Menurut Don Muzakir, pembenahan tata kelola dapur menjadi bagian penting dalam menjaga kualitas dan keamanan makanan bagi para penerima manfaat. Pengawasan terhadap pelaksanaan standar operasional juga harus dilakukan secara konsisten.
“Yang terpenting adalah setiap persoalan yang ditemukan harus segera diperbaiki. Jangan dibiarkan berulang. Kami mendukung langkah BGN untuk memperkuat pengawasan dan memastikan dapur MBG bekerja sesuai standar yang telah ditetapkan,” ujarnya.
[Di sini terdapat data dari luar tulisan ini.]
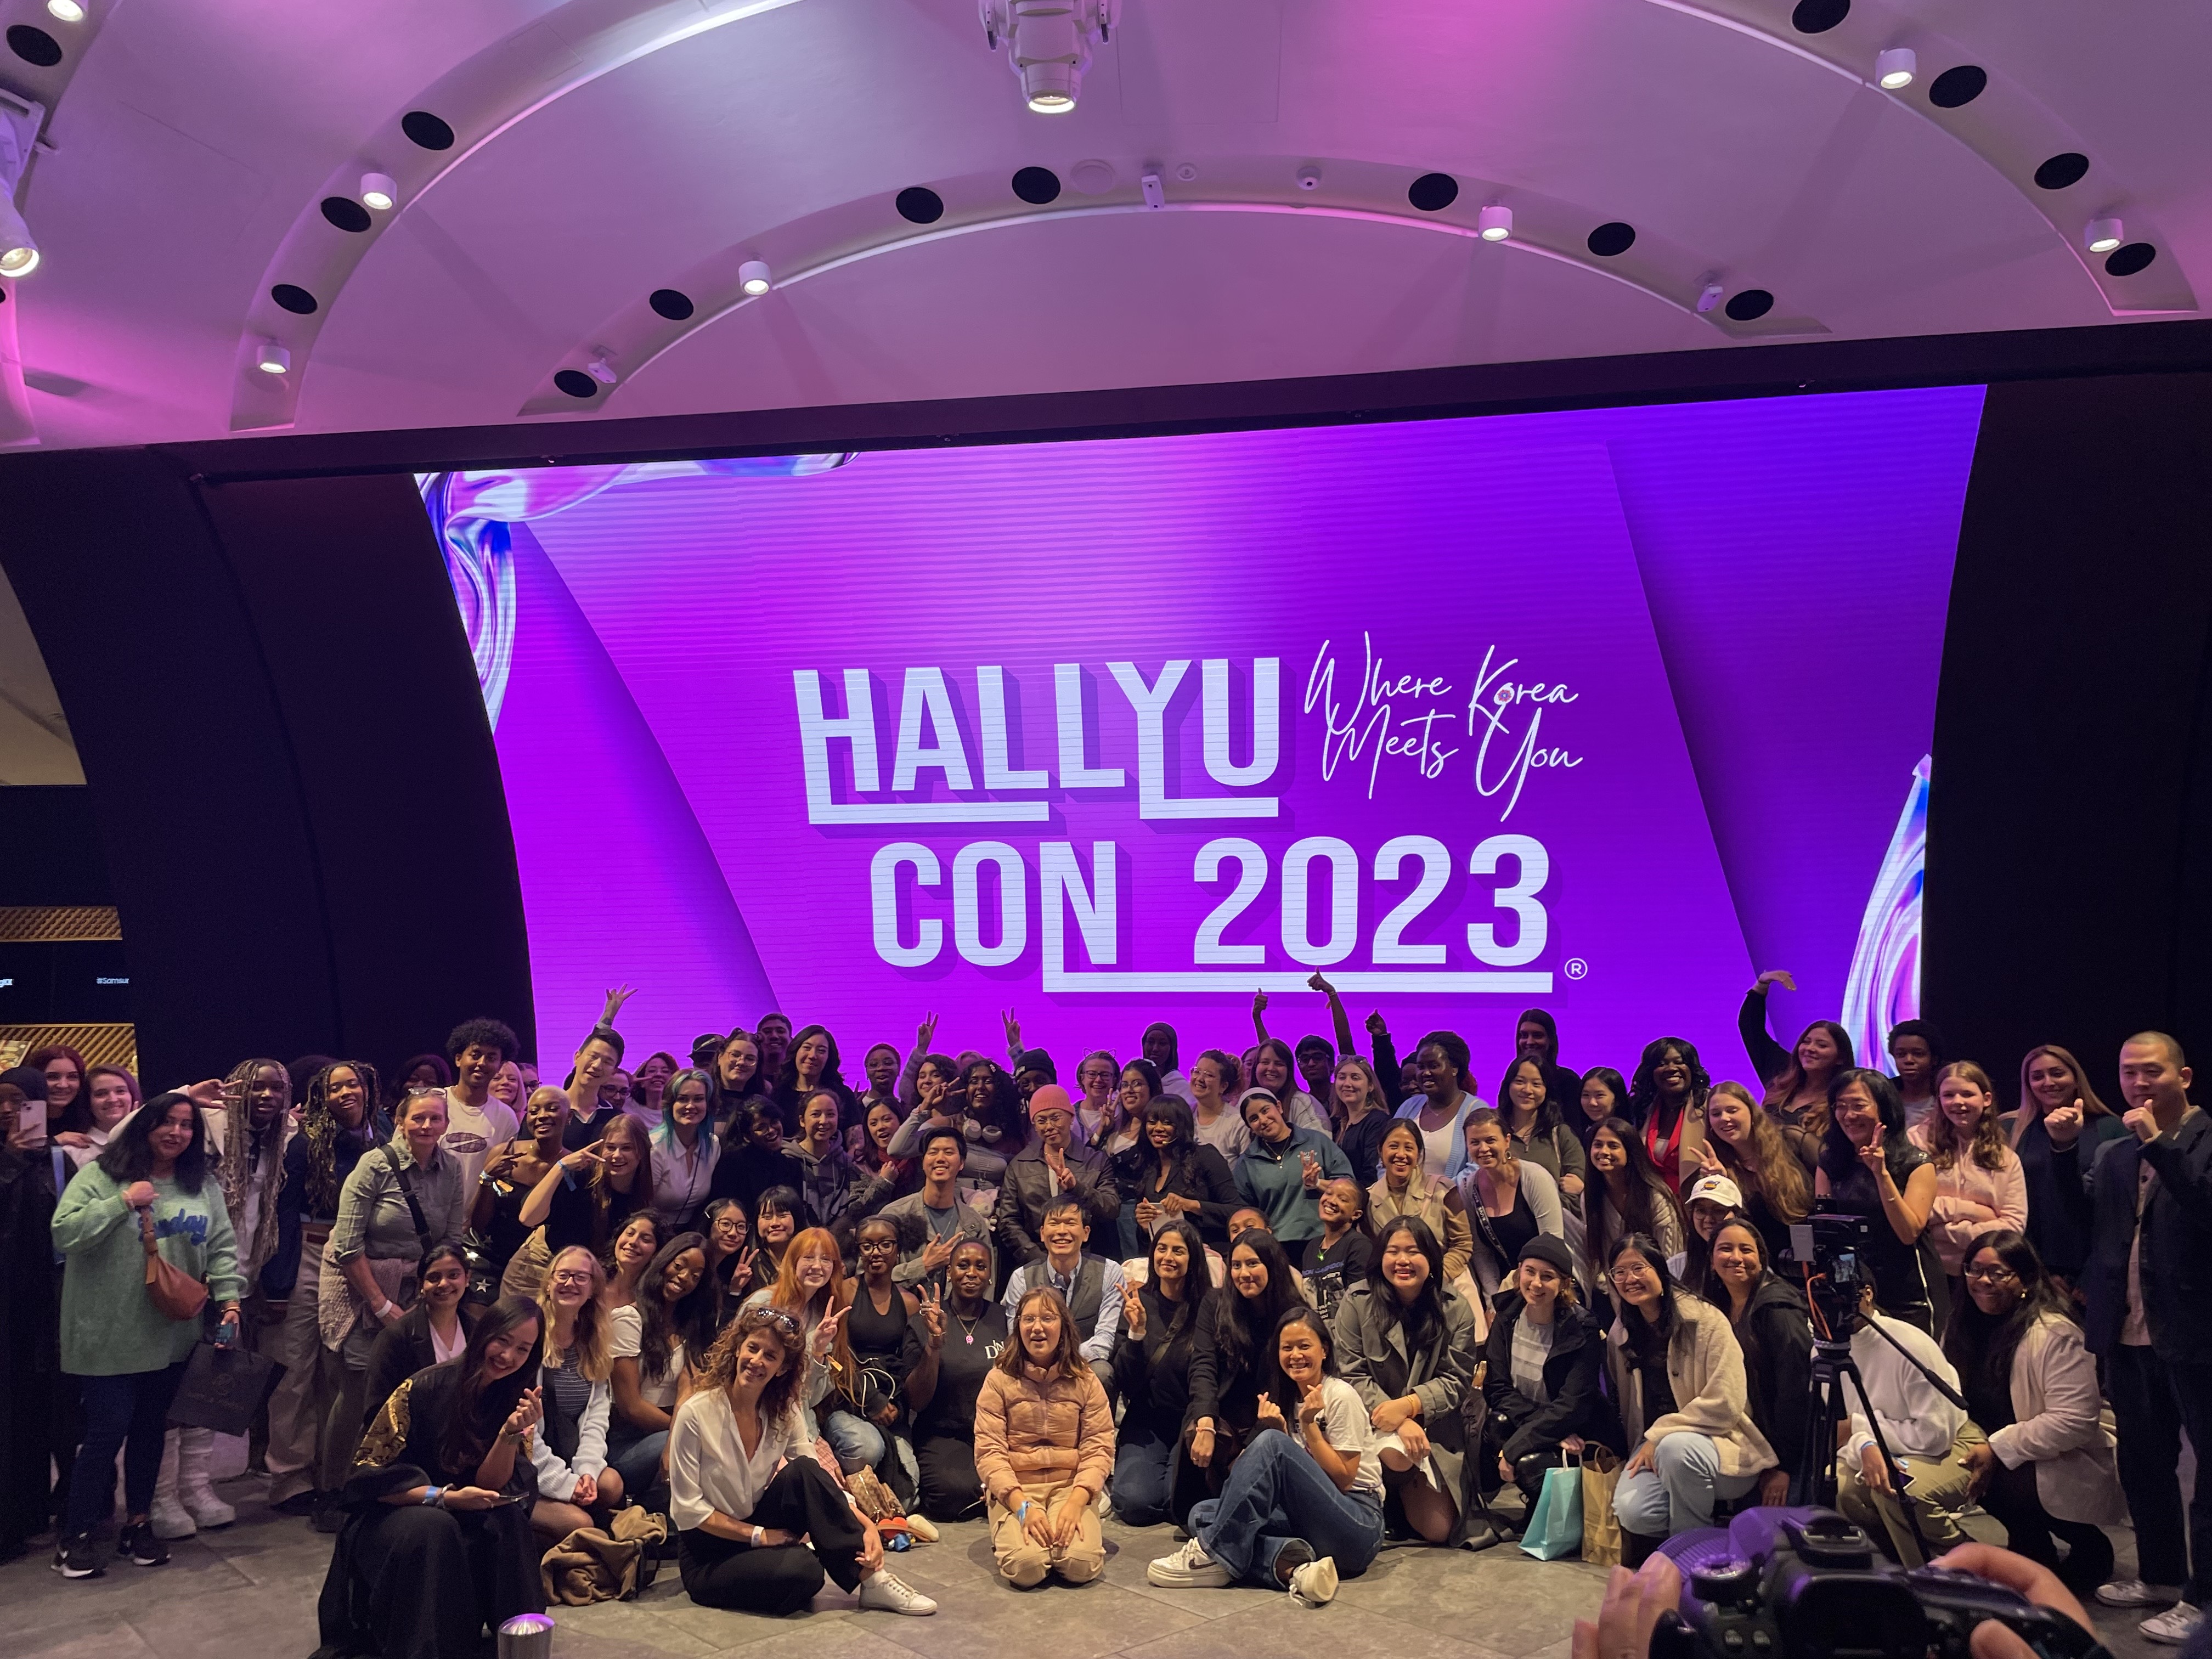 < '한류콘 2023(Hallyu-Con 2023)' 행사 후 기념 촬영 - 출처: 통신원 촬영 >

Don Muzakir menilai perbaikan tata kelola tidak berarti program MBG gagal. Justru, menurut dia, evaluasi dan pembenahan menunjukkan adanya upaya untuk memastikan program berjalan lebih baik dan manfaatnya benar-benar sampai kepada masyarakat.
“Kita harus melihat perbaikan ini sebagai proses. Programnya besar, penerima manfaatnya juga sangat banyak. Karena itu, tata kelolanya harus terus diperkuat. Kami mendukung langkah Pak Sudaryono dan jajaran BGN untuk membenahi pelaksanaan MBG,” kata Don Muzakir.